We are the Hollow Men . . . 3.27.2007
“Hollow Men” is the title of one of T.S. Eliot’s poems. Eliot was a Christian poet and one of the greatest of the last century. This piece is a mockery of man “come of age.” Our best is the worst. He mocks modern confidence is man’s institutions. There is nothing to modern man. Much like C.S. Lewis in The Abolition of Man, in which he charges that modern education has produced “men without chests,” Eliot’s man is the same: “Shape without form, shade without colour, paralysed force, gesture without motion.” There is no substance to a world without God. Left to himself—or shall I say, one’s self ?!?—all modern man is talk—empty words with no meaning. Why no meaning? Because we are hollow with no substance. What matters most—essence—has been driven from us. What we are is mere existence; highly evolved sludge. Lewis mocks the idea of the atheist who gets mad at a God he does not believe in. But, in an atheist’s worldview, what gives cause for anger if all ideas are equally valid? As hollow men, even our words against God are meaningless tautologies.

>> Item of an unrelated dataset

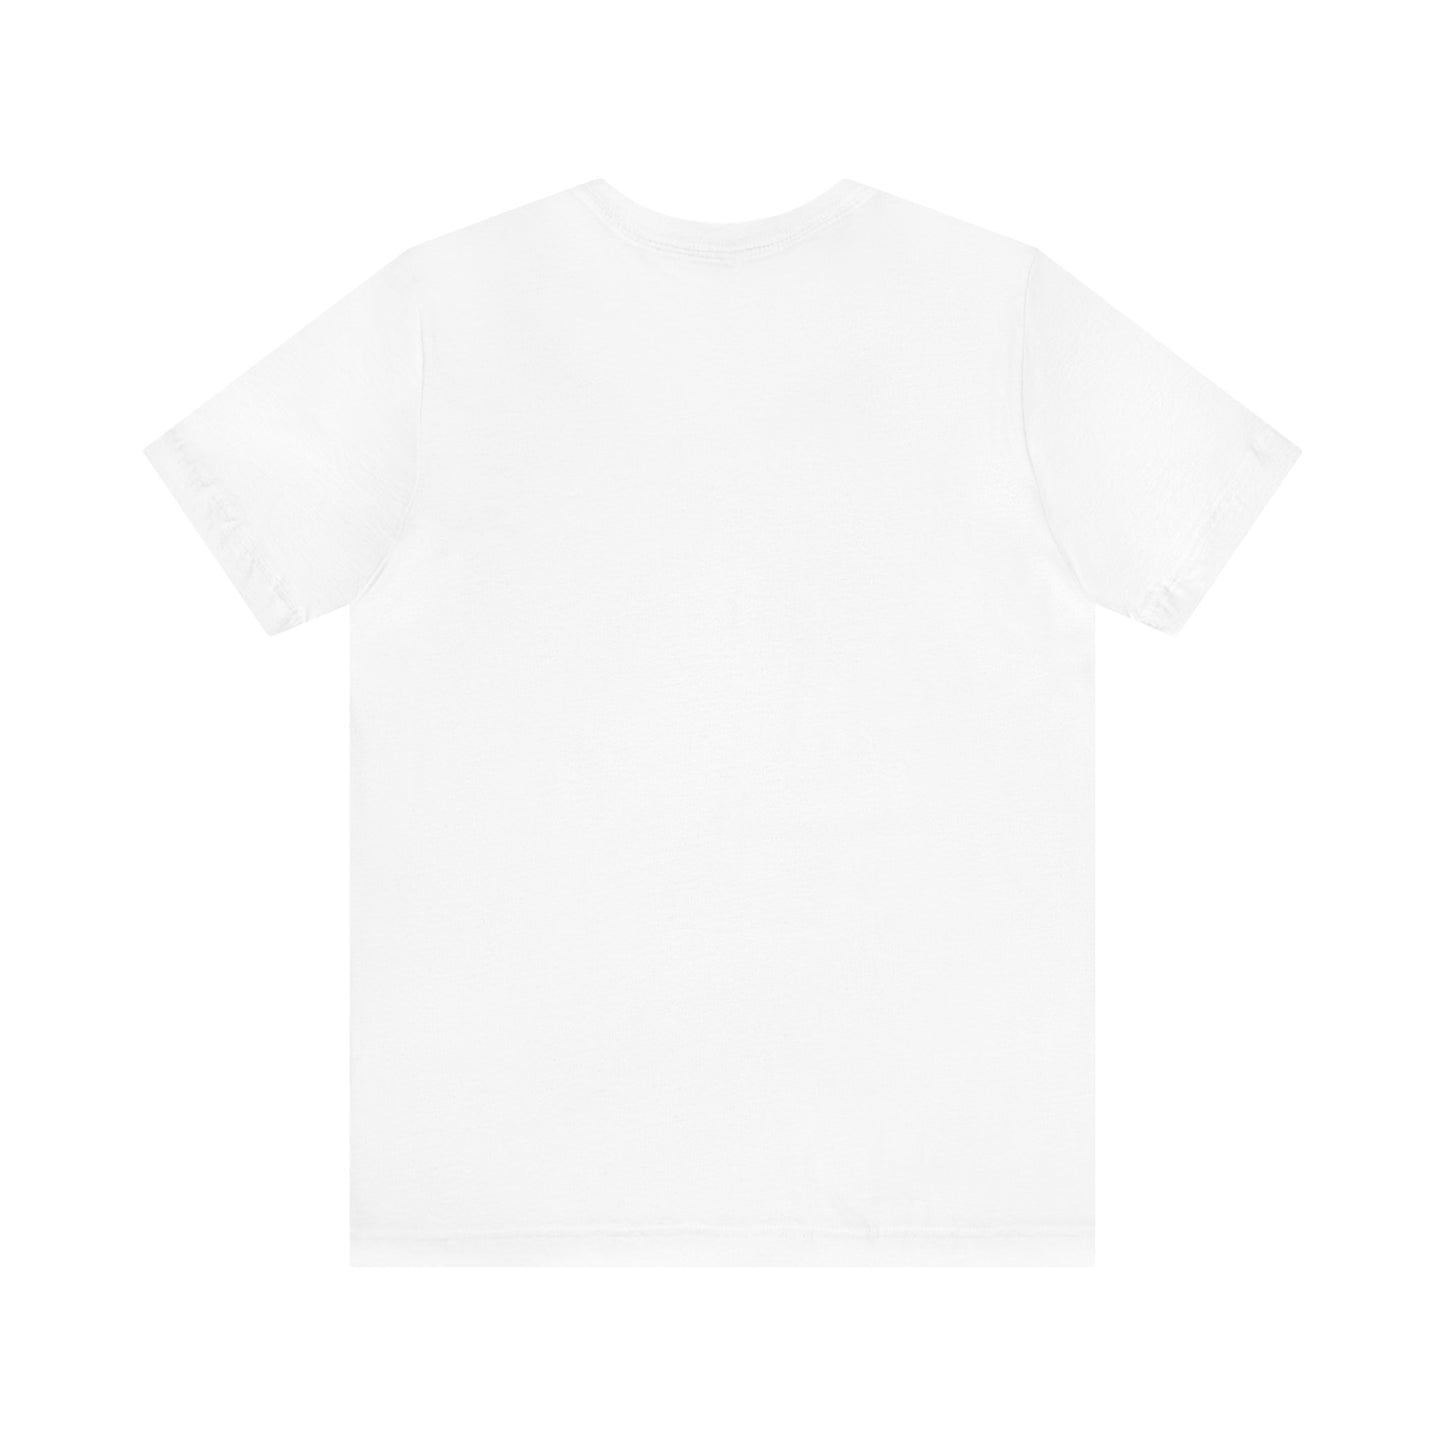 Alex Morris T-Shirt
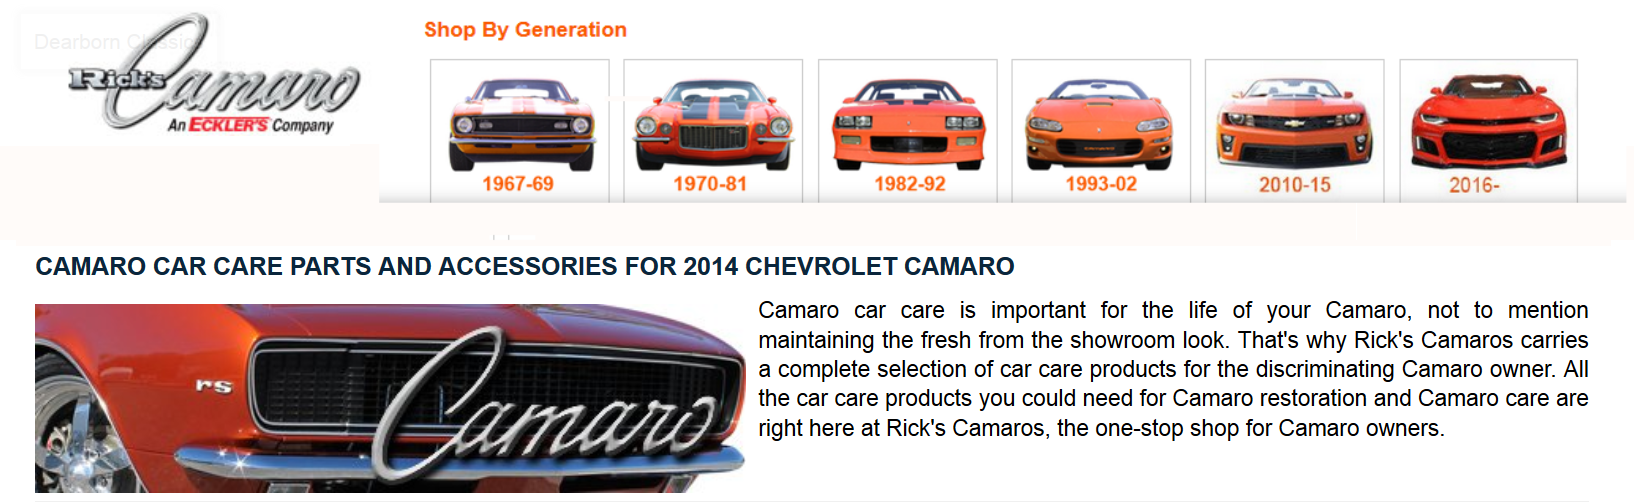 Camaro custom car kits discount pricing

Eliot’s piece is a sobering reminder of what Solomon observed centuries before—meaningless, all is meaningless under the sun.
Classical and Christian? 3.26.2007
In my glance through the history of American education, it was interesting for me to discover that there is a correlation between the Harvard curriculum, as it was called by some, and the Christian religion. No matter what one’s opinions about the relationship between our country’s origins and the Christian religion, there is a definite stamp of a relationship on some level. Why Latin? Why Greek? Why studies in philosophy, logic, rhetoric? These were all important in the American curriculum for the purpose of understanding the Bible and classics better for the average American.
It is interesting that as America became more multicultural, Unitarians such as Horace Mann or atheists such as John Dewey, began proposing adjusting the curriculum along a needs or skills base, that is, the goal of education is to produce an effective worker. Whereas, the goal of the traditional American education was at one time to have what Susan Wise-Bauer called a “Well-trained Mind,” that is, a student who could think critically for himself and learn “anything” not just one job skill.
My interest therefore became more and more traditional or classical. I admit, I was drawn to the traditional approach because of its clear “intermingling” with the Christian religion; I am a Christian and a member of a Presbyterian church — no apologies there. It is ironic that the more multicultural and pluralist our society has become, a traditional approach to learning has become a pariah. As G.K. Chesterton observed, when the standards disappear, anything goes. As American education dropped the perennial, classical model, we have been tossed in a sea of educational relativism—anything goes. This pragmatic approach to education is embarrassing.